Now, correct me if I'm wrong here. Maybe I'm just hanging with the wrong crowd. But so far, my British friends' and family's reactions to my simple, everyday cheese slicer has been fear and awe. A device for quickly cutting thin slices off a block of cheese? Unheard of! What devilry is this, surely you'll chop a finger off! But Thor Bjørklund (the man who, according to my quick Wikipedia-search, er, I mean extensive research, was the brilliant inventor of this gadget) knew what he was doing. How can you eat cheese without this?

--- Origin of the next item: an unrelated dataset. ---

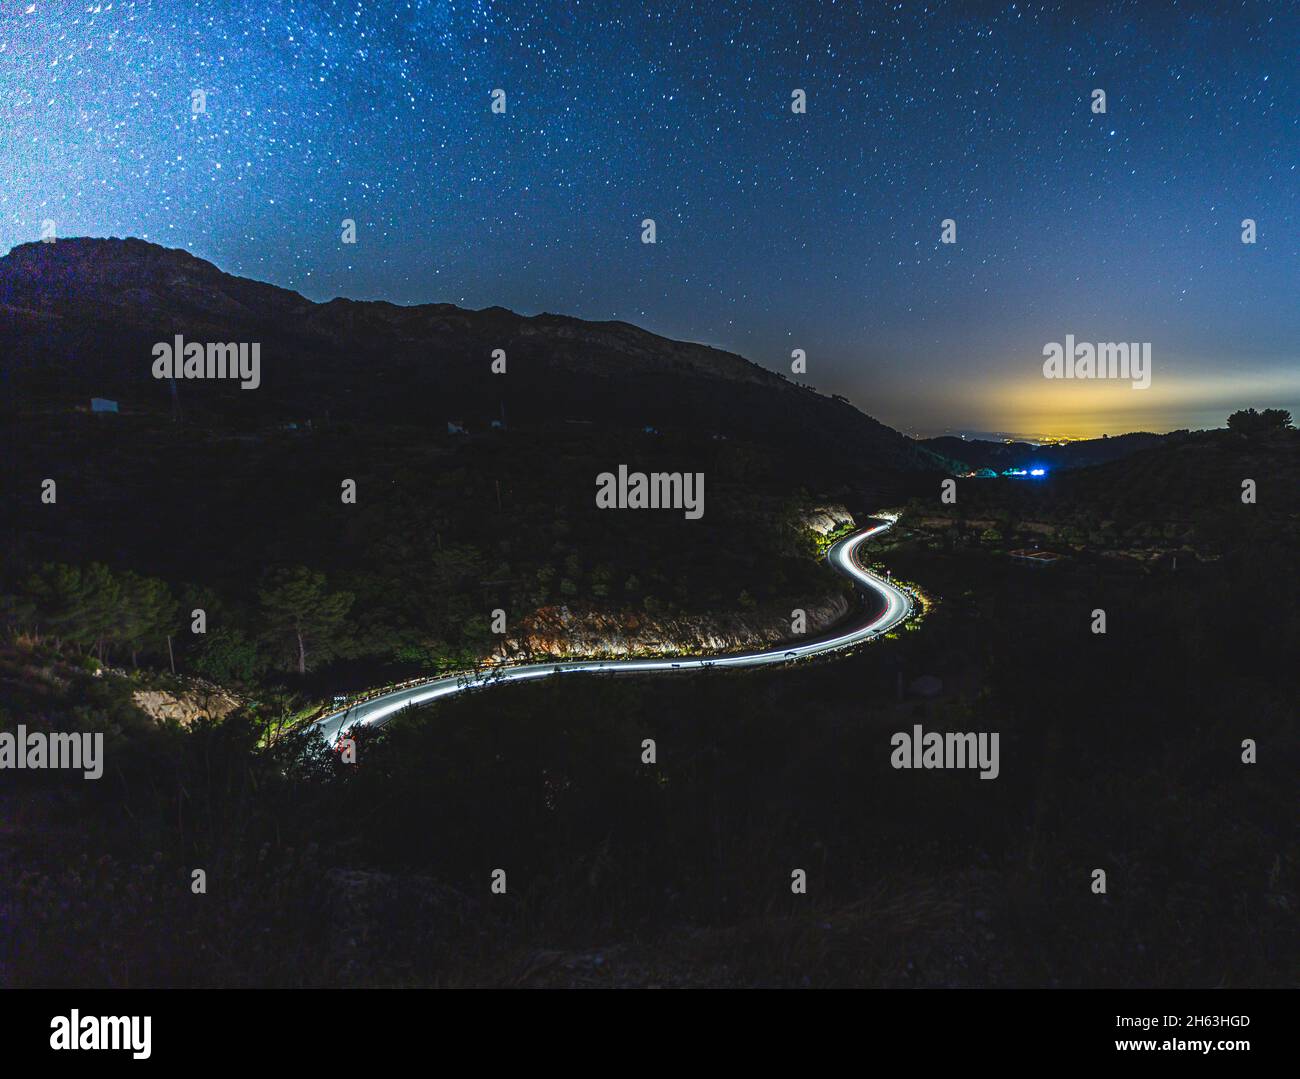 Leichte Spur von Autos auf einer kurvenreichen Straße mit den Sternen oben (milkey way) in andalusien, spanien (hdr) Stockfoto

-A second-person singular personal pronoun?
Look, this whole “you” thing is just a little silly. I don't care if we have to start using thees and thous again, it should be my incontestable right to be able to differentiate between singular and plural when I'm speaking to someone. All the other languages get one, why not modern English? To be fair, I understand some of the Americans have been trying to do something about this. I'm not usually a big fan of the southern US way, but in this case, I really think they're onto something. How about we just all start using their method? How would y'all feel about that?

-The verb “nenna”?
Well, it's not so much a lack of a verb as a lack of a concept. -“Would you “nenna” to take out the rubbish for me?” -“No, I don't “nenna” to.” -“This book is boring, I don't “nenna” to read it.” -“Who will “nenna” to go out and get some milk?” How do I answer someone when they ask me to do something I simply can't be bothered to work up the energy to do?

-The adjective “dugleg”?
Moving on from our last little Icelandic lesson: The person who volunteers to go out and get some milk, who “nenna”s, will be praised, called “dugleg”. How many times have I not opened my mouth to tell someone, in one word, that they have worked hard, that they have achieved results, that they are admirable in their successful efforts – only to remember at the last minute that I'm speaking English, and that there's no such word. Sigh. You've finished all the tasks I set you? How I wish I could tell you how “dugleg” you are. We have a lot to do today? If only I could tell you that's okay, that we'll just be “dugleg”! My dog brings back the stick I threw? I guess that'll have to do. Dugleg, dog. Dugleg.